Minutes stretched into hours.

The noises outside grew louder, then softer, then louder again, as though they were taunting her. At times, the tapping stopped entirely, replaced by a deafening silence that was somehow worse. Lara's heart would race, expecting something worse to come next, only for the noise to start again, more violent than before.

Sleep was impossible, but exhaustion dulled her senses. She clutched the blanket tightly, her body trembling as the night dragged on.

When Lara finally opened her eyes, sunlight streamed through the blinds. The silence was so absolute that it felt unreal, as if the apartment itself were holding its breath.

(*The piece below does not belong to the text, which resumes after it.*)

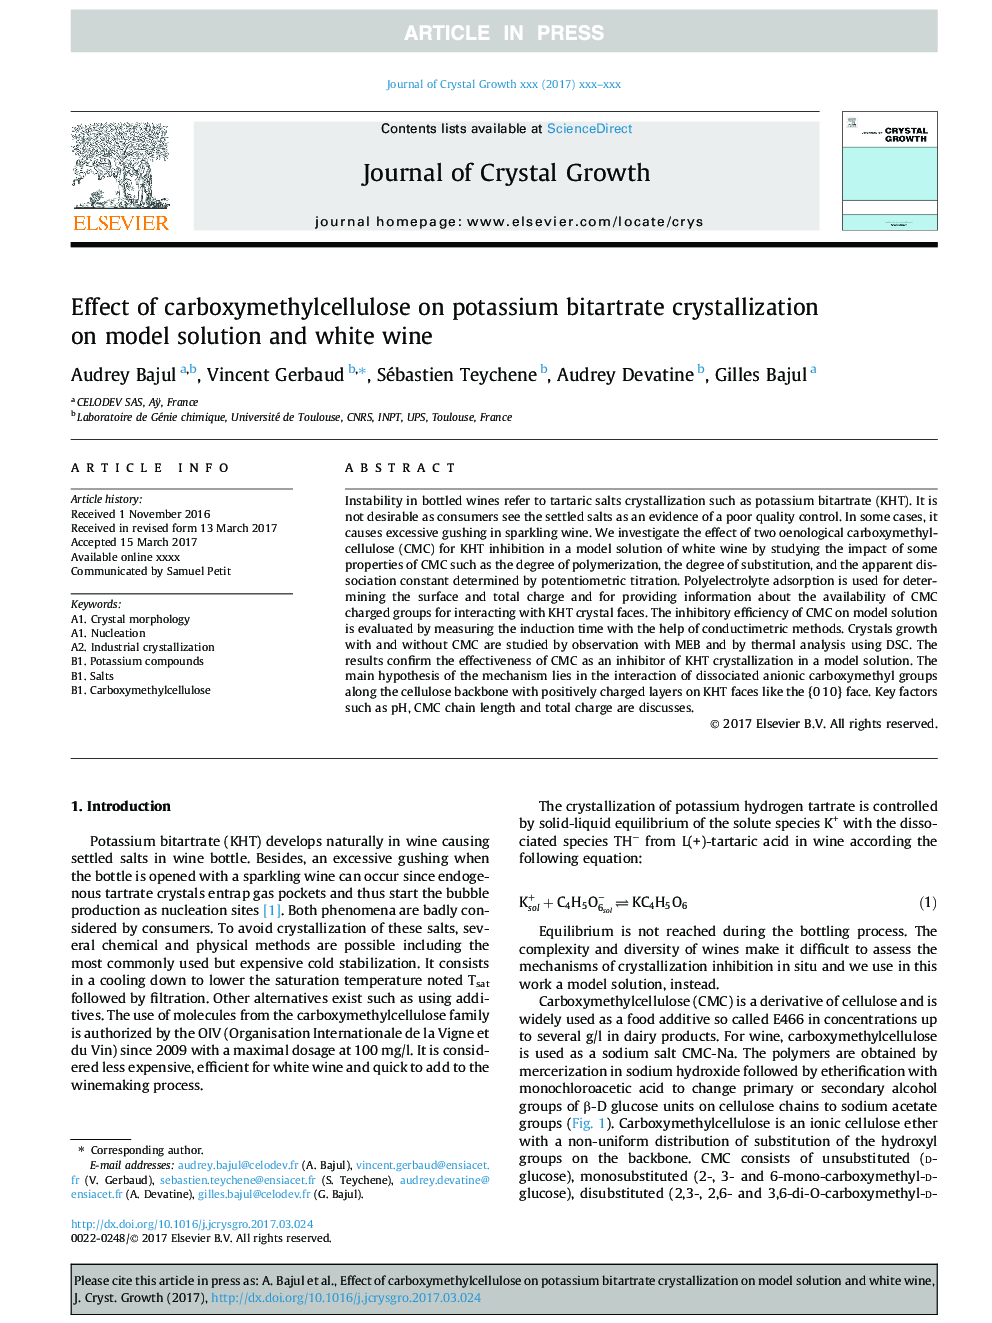 Effect of carboxymethylcellulose on potassium bitartrate crystallization on model solution and white wine

She sat up slowly, her body stiff and aching. The blanket fell from her shoulders, pooling around her on the floor. The photograph was still on the coffee table, untouched, but the figure inside had changed again.

It was closer now, its elongated fingers brushing against the edges of the image. The key it held gleamed more brightly, catching the morning light.

The apartment felt… wrong. The air was too still, the shadows too deep despite the sunlight. Lara's gaze flicked to the window. The glass was intact, but faint smudges marked its surface—handprints, impossibly large and smeared as though something had been clawing at it.

Her phone buzzed on the table. She grabbed it instinctively, her heart sinking when she saw the message:

"You can't hide forever."

Her hands shook as she set the phone down. She needed to make a choice—to confront this growing nightmare or continue hiding and hope it wouldn't consume her entirely.